4. Windows Environment Configuration (Skip this step if using Cloud Studio or Codespaces)

4.1 API Configuration

  1. Right-click "Computer" or "This PC", then click "Properties".

  2. In the left menu, click "Advanced system settings".

  3. In the "System Properties" dialog box, click the "Advanced" tab, then click the "Environment Variables" button below.

    Advanced System Settings

  4. In the "Environment Variables" dialog box, click "New" (under the "User variables" section), then enter the following information:

    • Variable name: DEEPSEEK_API_KEY
    • Variable value: [Your Deepseek API Key]

    Advanced System Settings

4.2 Install Miniconda

  1. Download Installer

    It's recommended to visit Tsinghua University Open Source Software Mirror for faster download speeds. Choose the latest Windows-x86_64.exe version according to your system.

    Select Miniconda Version

    You can also download from the Miniconda Official Website.

  2. Run Installation Wizard

    After downloading, double-click the .exe file to start installation. Follow the wizard prompts:

    • Welcome: Click Next. Welcome
    • License Agreement: Click I Agree. License Agreement
    • Installation Type: Select Just Me, click Next. Installation Type
    • Choose Install Location: It's recommended to keep the default path, or choose a path without Chinese characters and spaces. Click Next. Install Location
    • Advanced Installation Options: Do not check "Add Miniconda3 to my PATH environment variable". We will manually configure environment variables later. Click Install. Advanced Options
    • Installation Complete: After installation is complete, click Next, then uncheck "Learn more" and click Finish to complete installation. Installation Complete
  3. Manually Configure Environment Variables

    To use the conda command in any terminal window, you need to manually configure environment variables.
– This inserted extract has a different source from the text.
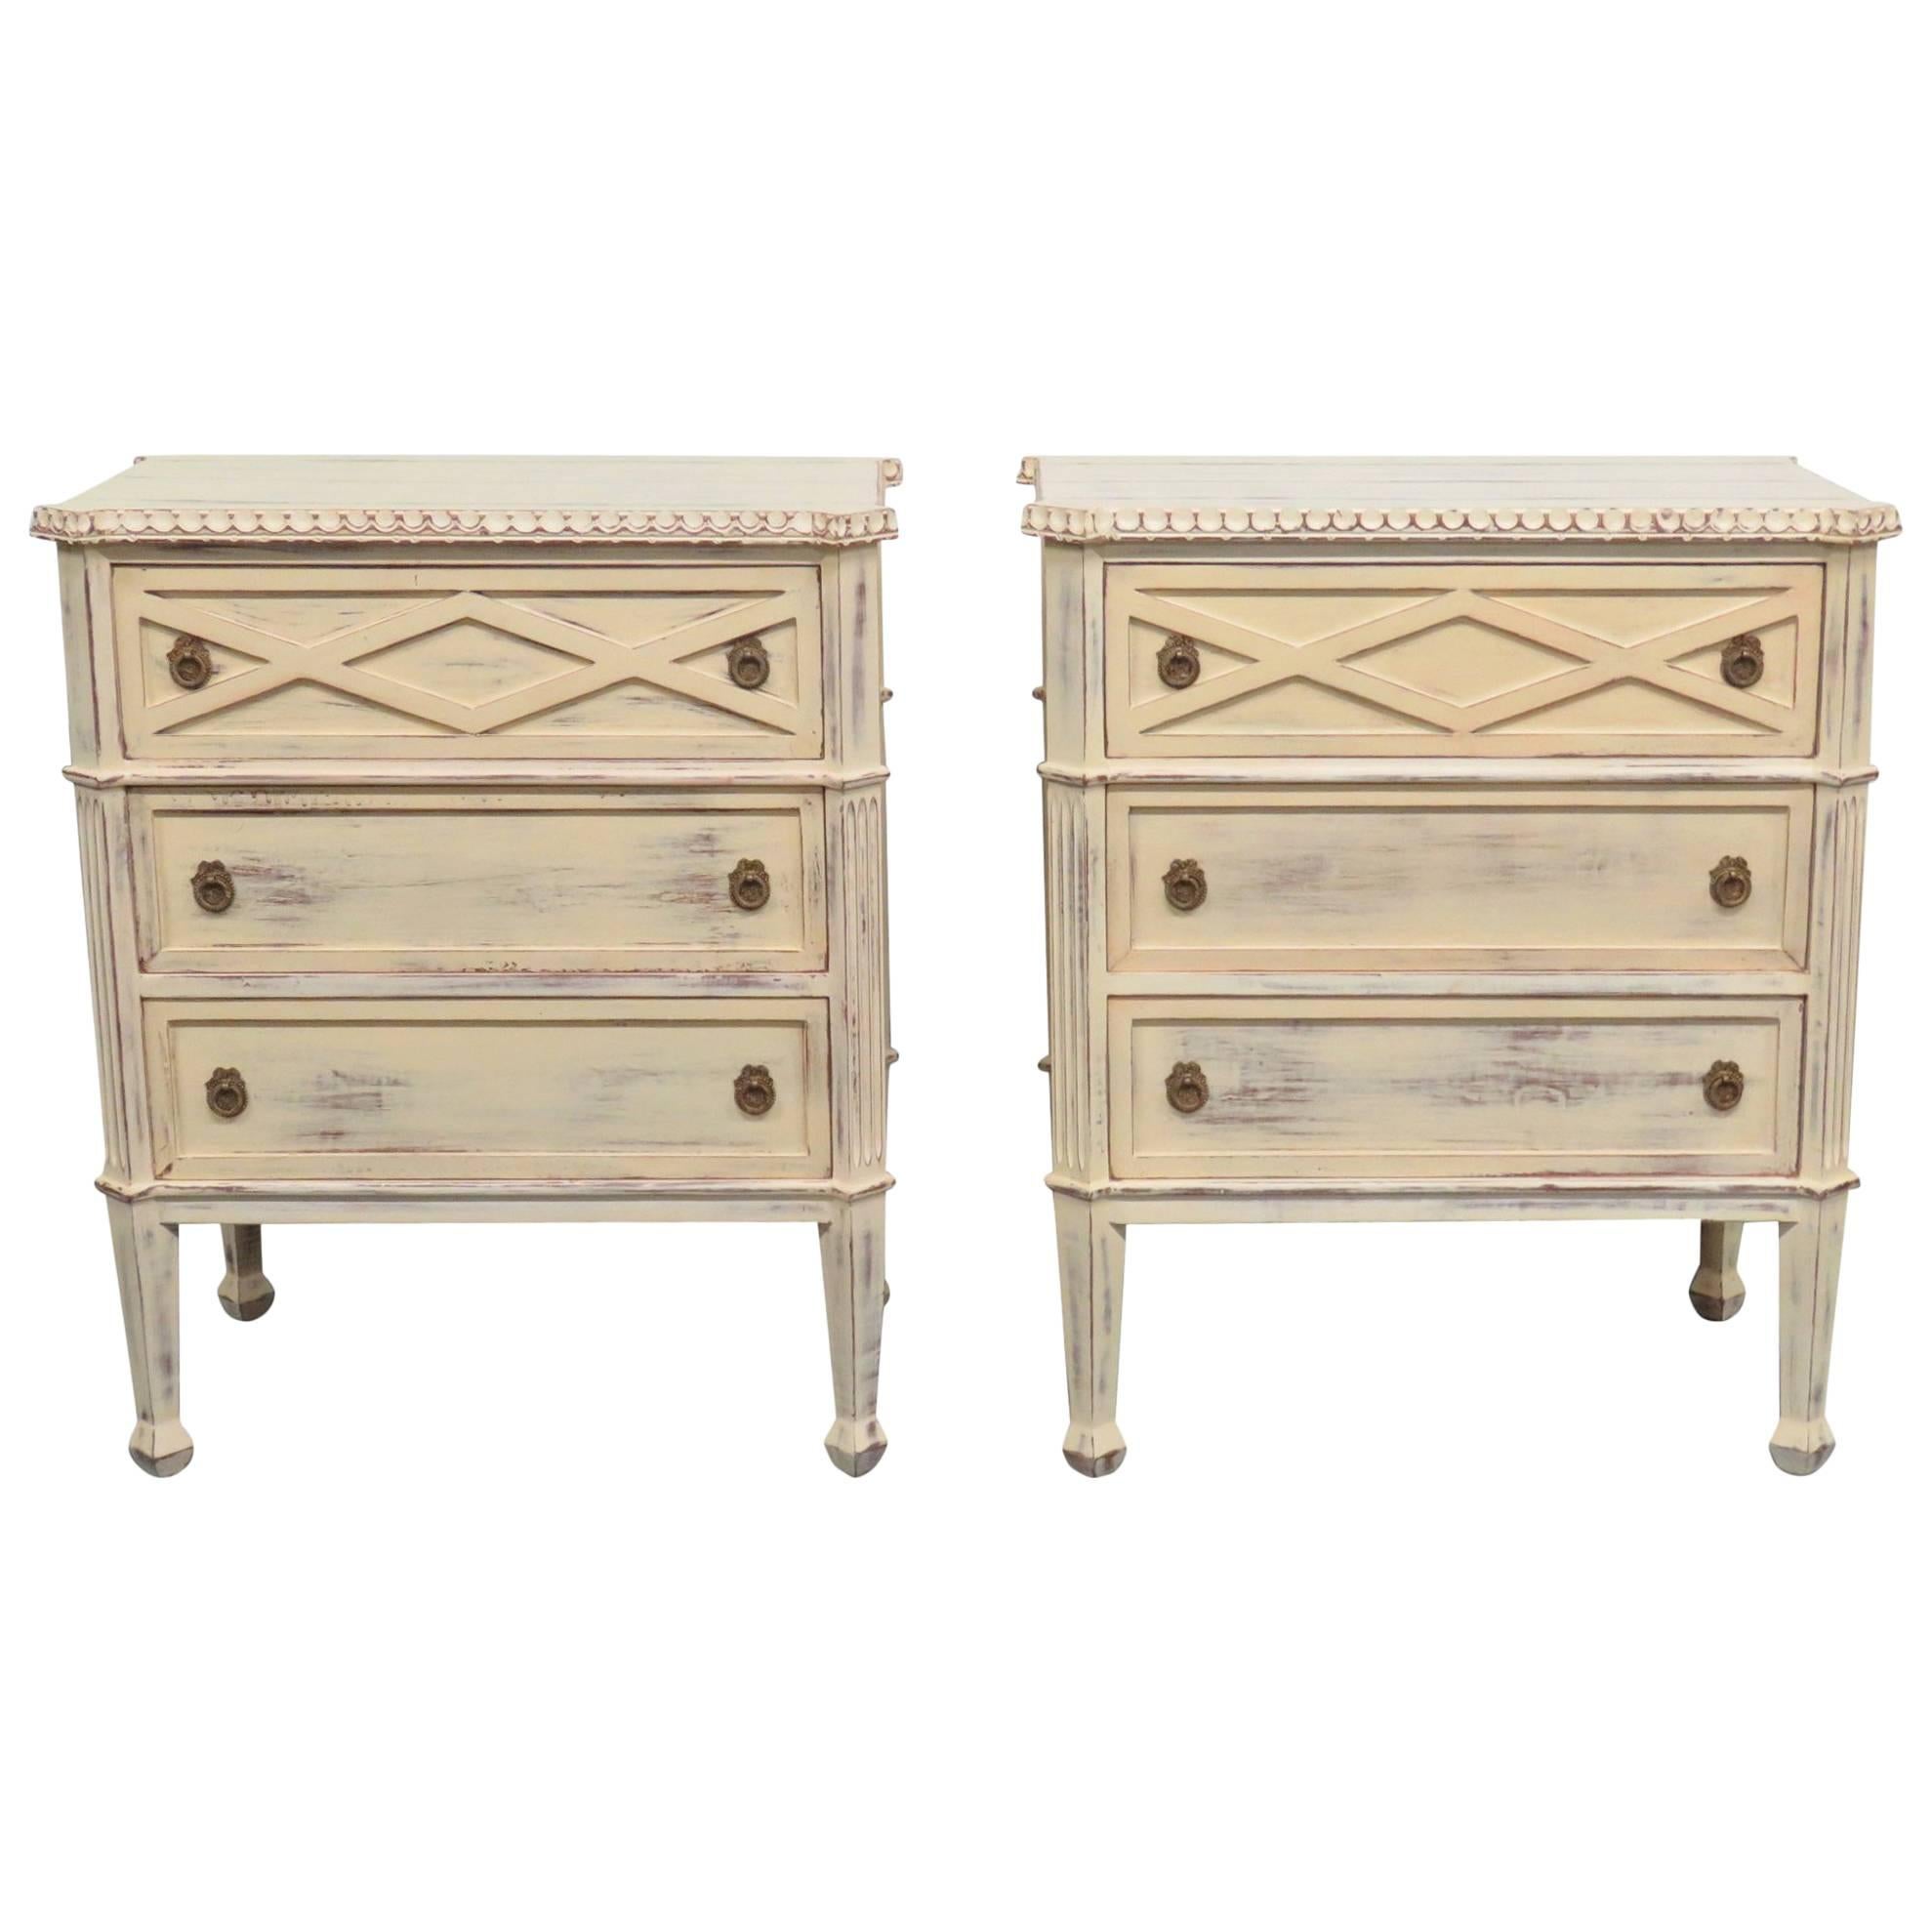 Pair Louis XVI Style Distressed Cream Painted Three-Drawer Chests

    • Search for "Edit the system environment variables" in the Windows search bar and open it. Edit System Environment Variables
    • In the "System Properties" window, click "Environment Variables". Environment Variables Button
    • In the "Environment Variables" window, find the Path variable under "System variables", select it and click "Edit". Edit Path Variable
    • In the "Edit Environment Variable" window, create three new paths pointing to the corresponding folders under your Miniconda installation directory. If your installation path is D:\Miniconda3, you need to add:
      D:\Miniconda3
      D:\Miniconda3\Scripts
      D:\Miniconda3\Library\bin
      
      Add Paths
    • After completion, click "OK" all the way to save changes.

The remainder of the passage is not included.